» **TASK PROMPT**
Reproduce the data that follows character for character, but omit its pictures.

====== INFORMATION PROVIDED

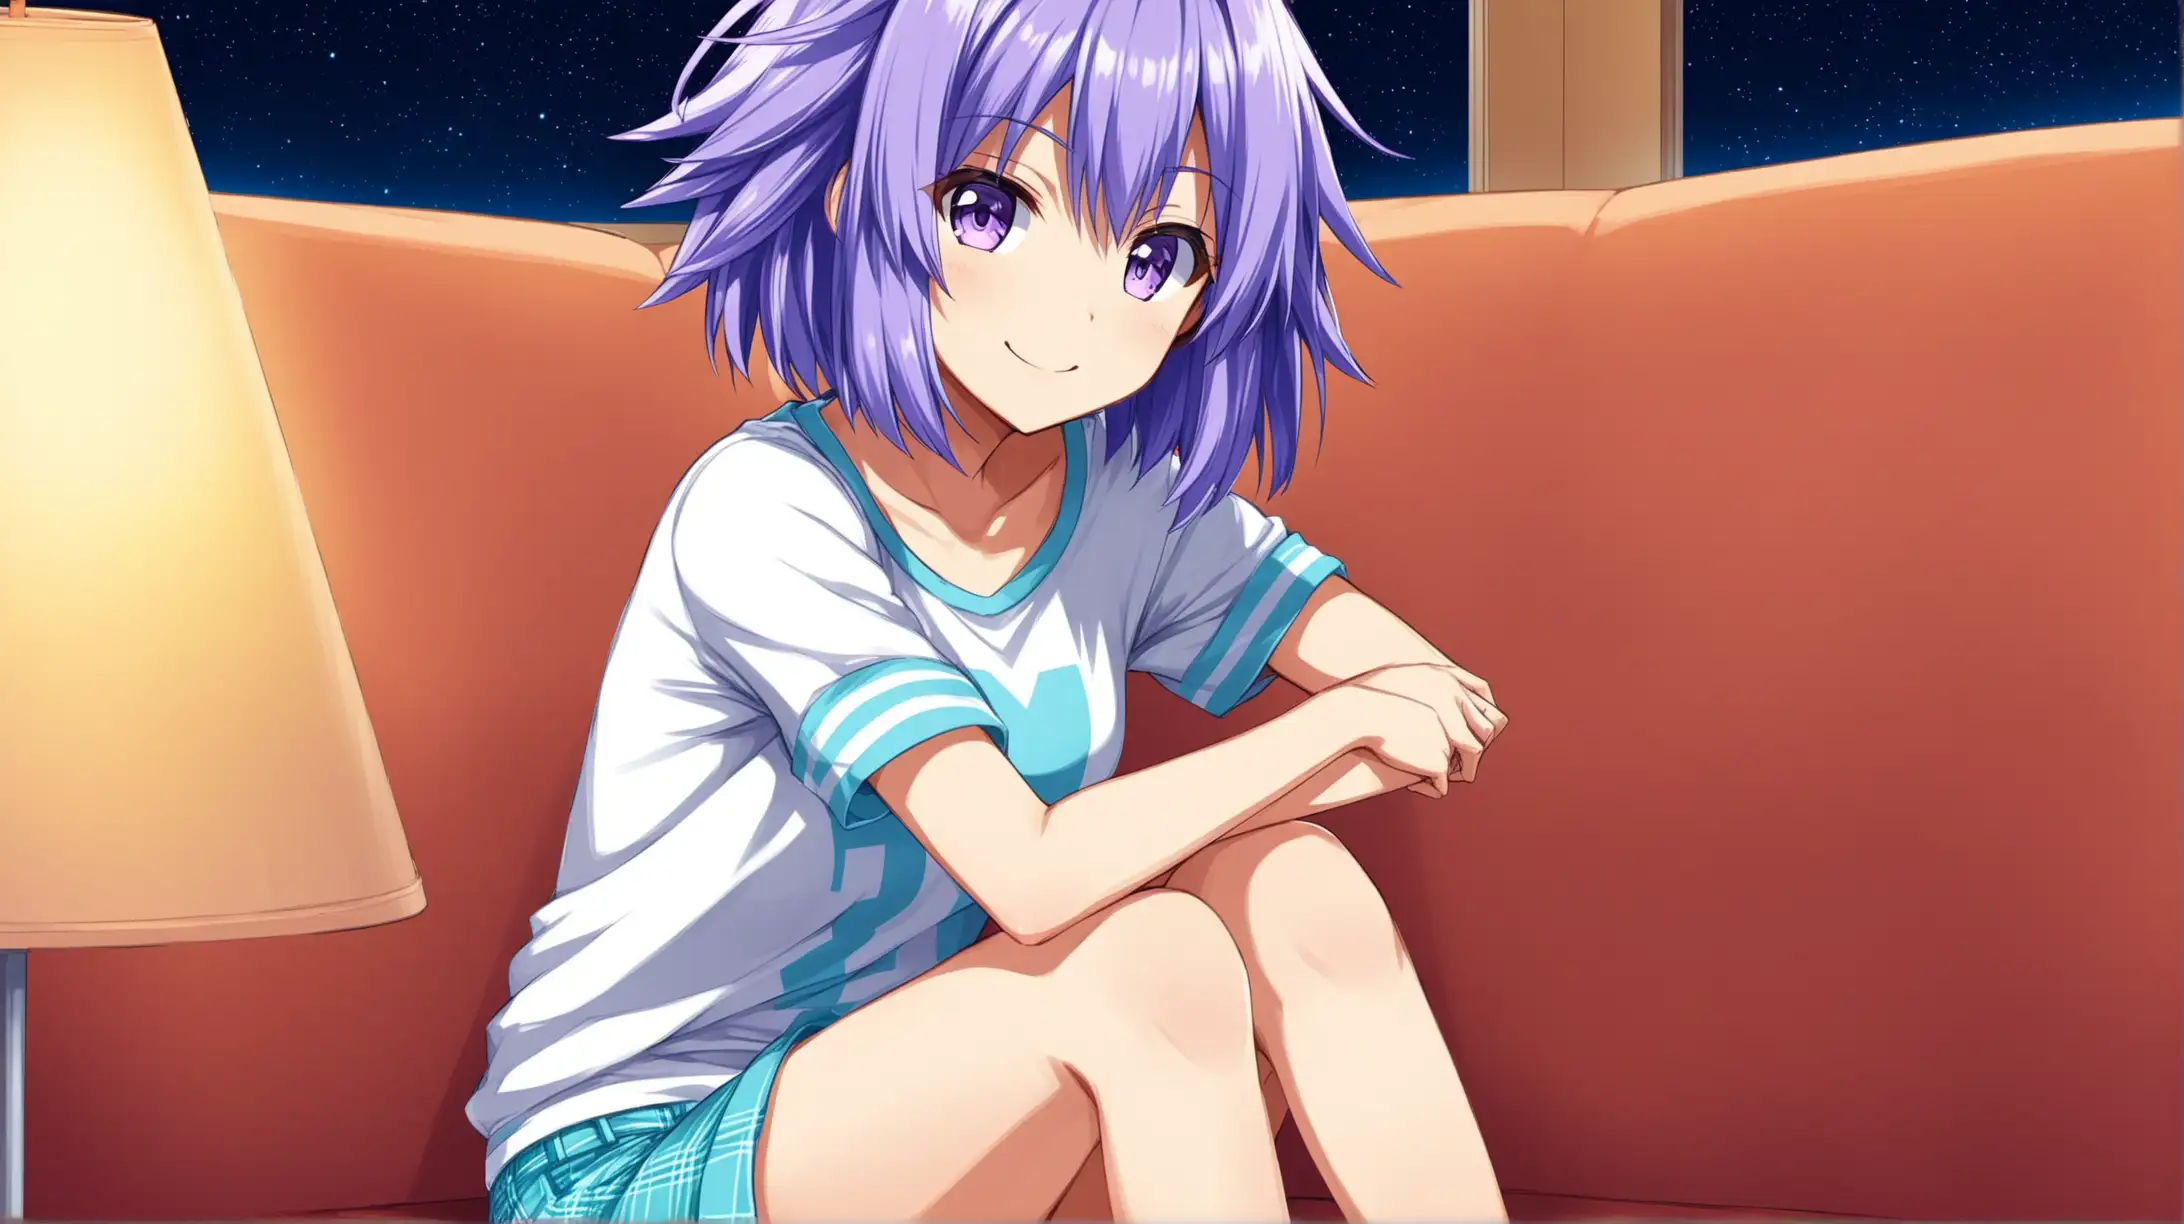 Draw the character Neptune from the Hyperdimension Neptunia series with short hair sitting indoors alone at night while she is wearing casual clothes and smiling at the viewer
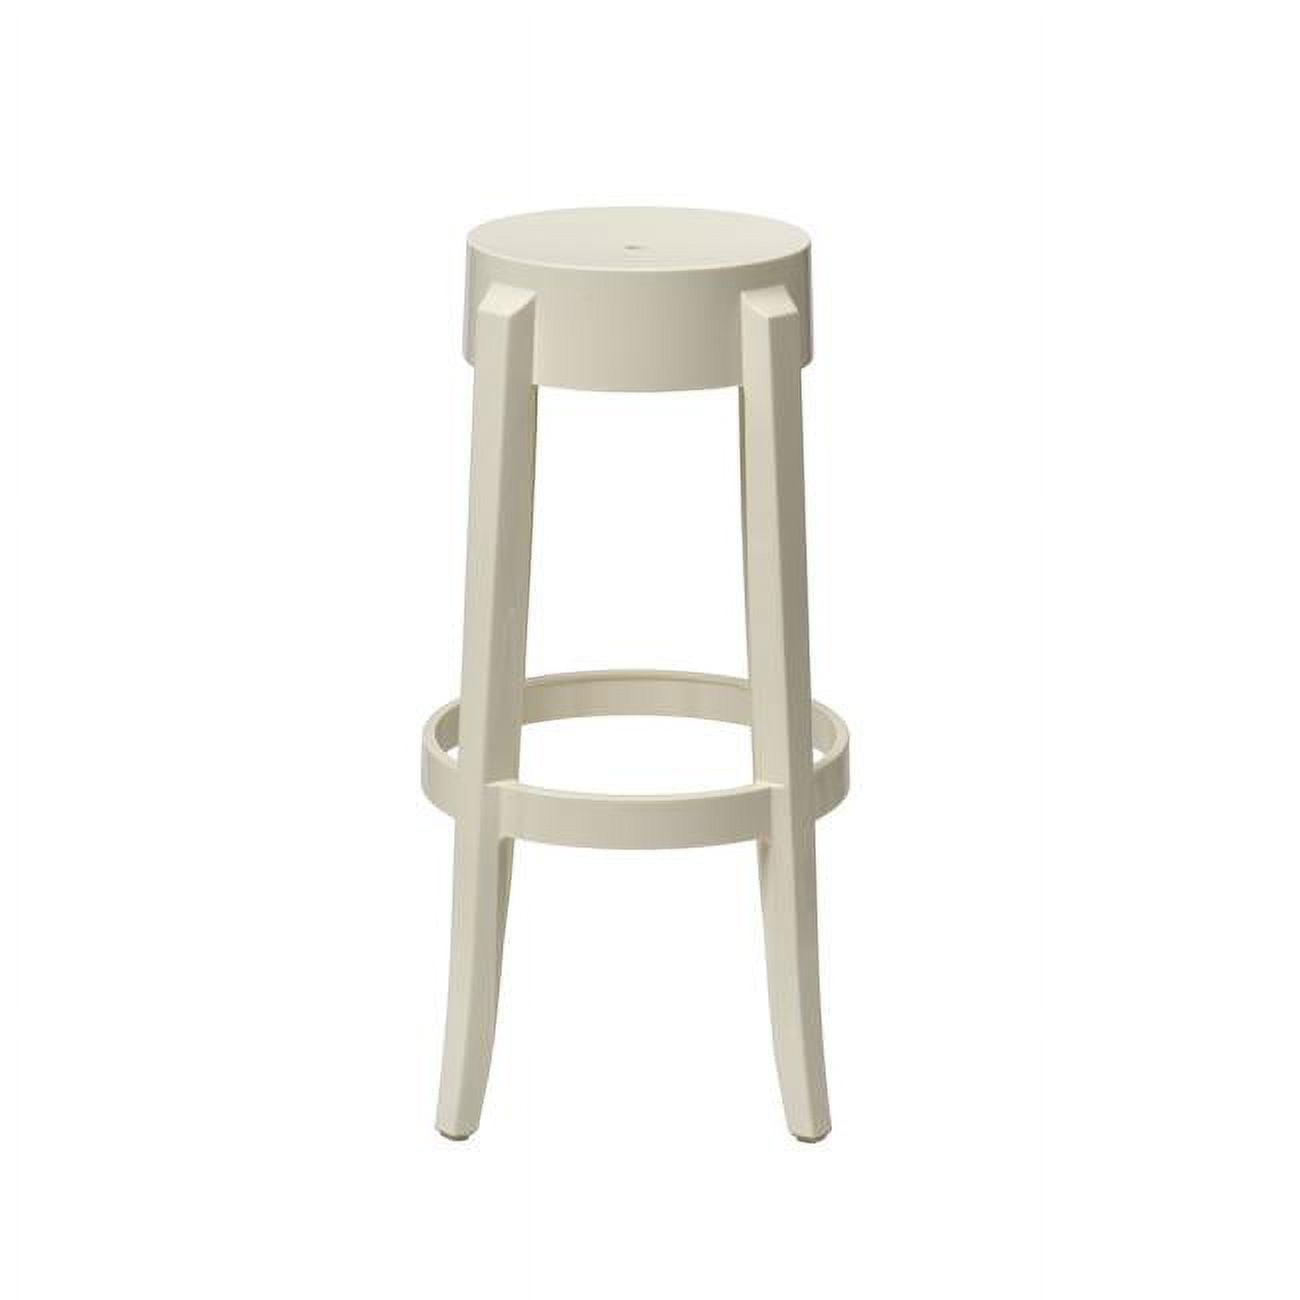 Picture of Commercial Seating Products RPC-Kage-Stool-SW Polycarbonate Bar Height Backless Kage Stool, Creamy White - 30 in.
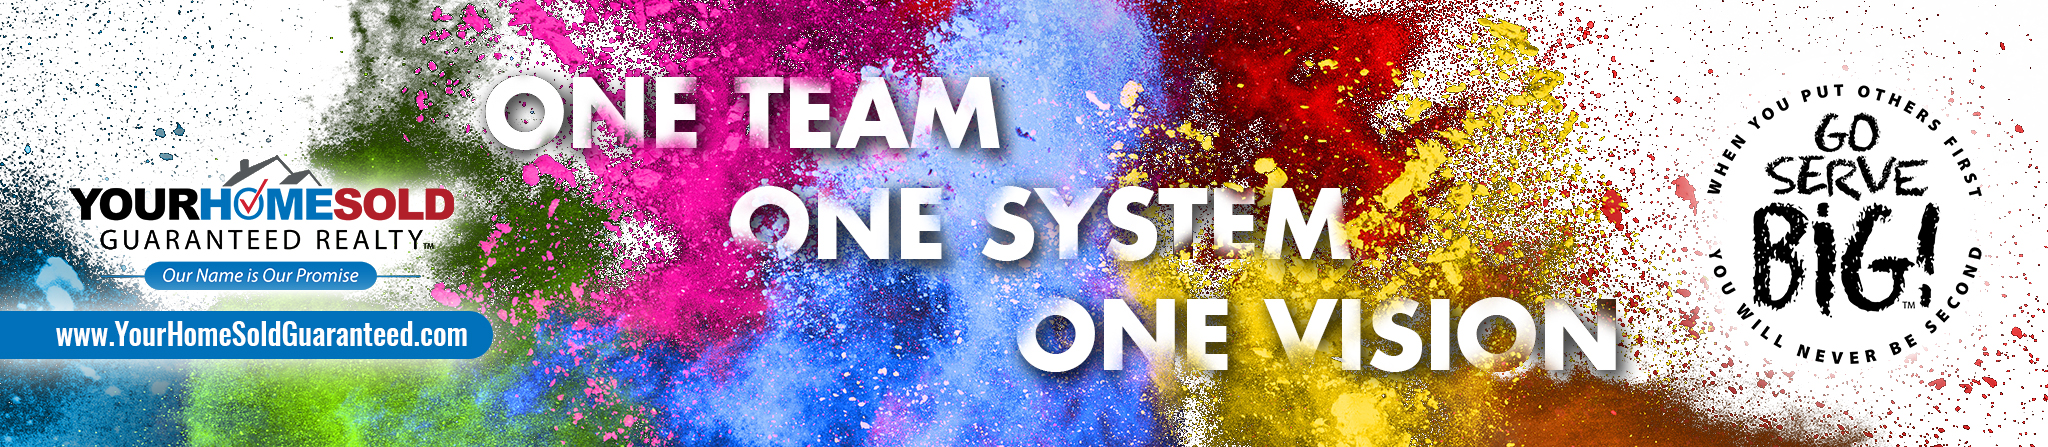 YOUR-HOME-SOLD-GUARANTEED-REALTY-2022-New-Year-Theme-ONE-TEAM-ONE-SYSTEM-ONE-VISION.jpg

============

» **RESULT**
 Draw the character Neptune from the Hyperdimension Neptunia series with short hair sitting indoors alone at night while she is wearing casual clothes and smiling at the viewer
 Picture of Commercial Seating Products RPC-Kage-Stool-SW Polycarbonate Bar Height Backless Kage Stool, Creamy White - 30 in.
 YOUR-HOME-SOLD-GUARANTEED-REALTY-2022-New-Year-Theme-ONE-TEAM-ONE-SYSTEM-ONE-VISION.jpg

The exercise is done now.